CAR government condemns minister’s abduction
Former rebel chief who joined new government after signing of July 2014 peace agreement snatched in capital Bangui.

Armed men have kidnapped the Central African Republic (CAR) minister for sport and young people, according to his wife, prompting condemnation by the government.
Sunday’s kidnapping of Armel Ningatoloum Sayo, a former rebel chief, while he was returning from church in the capital Bangui was the first of a member of the government.
Nicaise Danielle Sayo, wife of Sayo, said she and her husband were returning from church on Sunday morning when the kidnappers stopped them.
Another source close to the family said that the kidnappers, who were travelling in a taxi, blocked Sayo’s car.
“Three men got out and fired into the air. The minister asked them ‘what’s the problem’ but they just indicated him to get into the taxi … then they left,” the source said.
Sayo is the former leader of the Revolution and Justice movement based in the country’s northeast, but he joined the government of Mahamat Kamoun after the signing of a peace agreement in July 2014.

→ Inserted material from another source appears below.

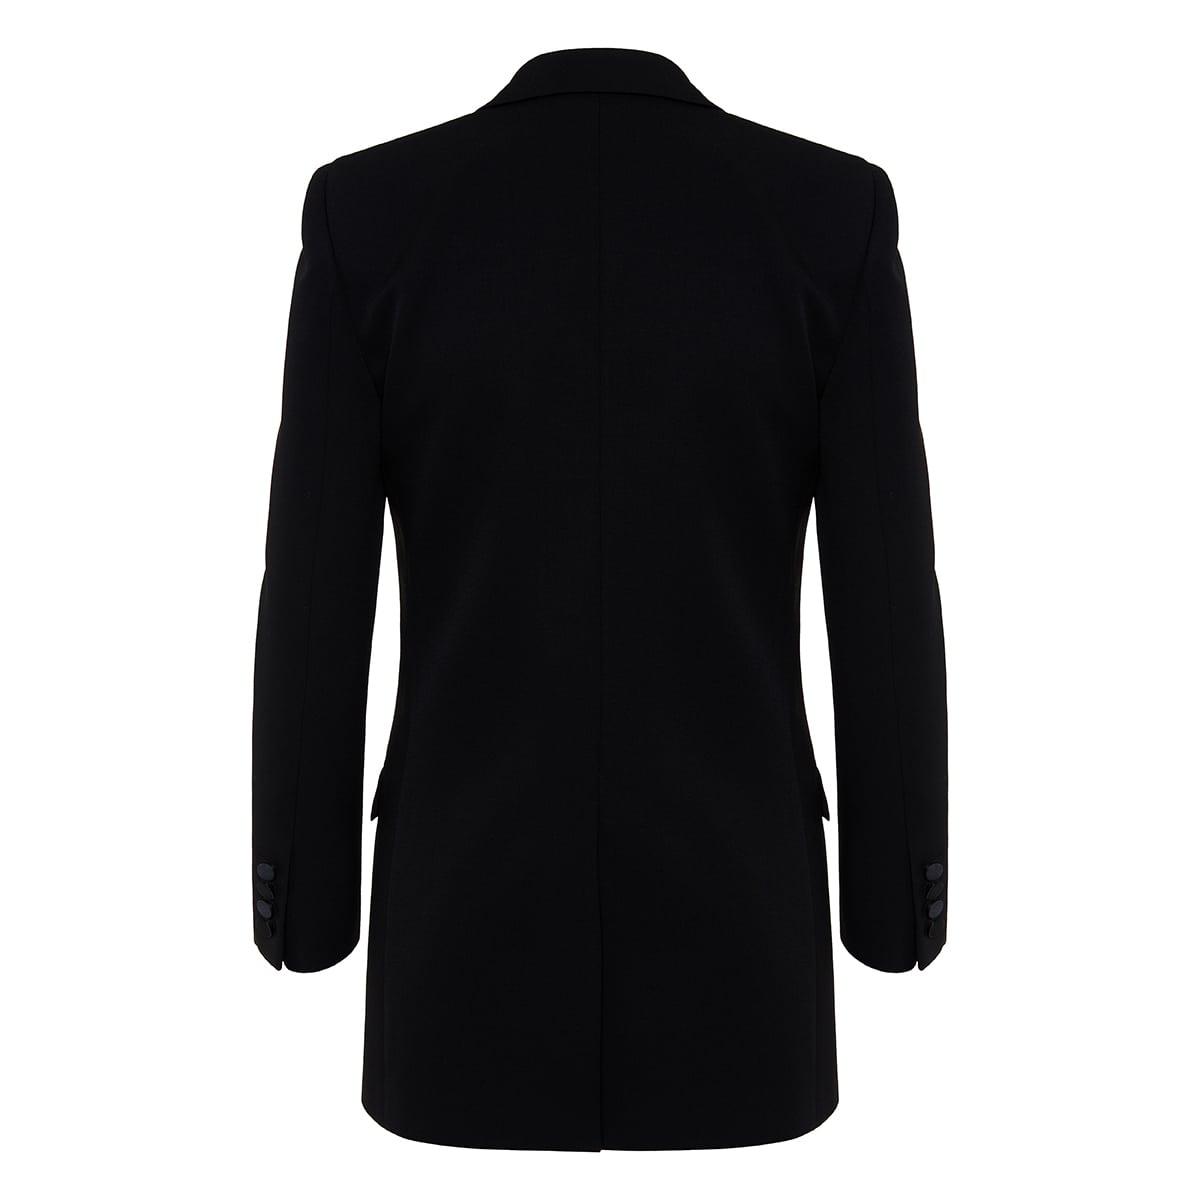 Satin-trimmed tuxedo blazer

No group has claimed responsibility for the kidnapping.
Snatched and freed
On Monday, Claudia Priest, a French aid worker, was snatched by the country’s Christian anti-balaka militia and later freed. Priest, 67, who returned to France on Sunday, was kidnapped along with a local man.
A UN employee was also briefly detained by the anti-balaka the following day.

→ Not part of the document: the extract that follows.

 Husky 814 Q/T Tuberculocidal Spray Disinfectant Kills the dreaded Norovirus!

Thousands of #CARcrisis refugees fled to north #DRC since Dec. More continue to cross the Oubangui River every day pic.twitter.com/wNOSoYnK0r
— Céline Schmitt (@Ce_Schmitt) January 24, 2015
CAR’s government condemned Sayo’s kidnapping as an act of “barbarism” by assailants aiming to to create instability.
Violence between rival factions has plunged the deeply impoverished country into an unprecedented political and security crisis, with a conflict that began in 2013 claiming thousands of lives.
The anti-balaka are a mainly Christian group formed to fight off attacks from the mostly Muslim fighters of the Seleka coalition. The Seleka seized power in March 2013 but were routed from Bangui in January last year.
Anti-balaka means “anti-machete” in the local Sango language and refers to the weapon of choice wielded by the Seleka – but also used up by the vigilantes.
Both groups have been accused of serious abuses against civilians.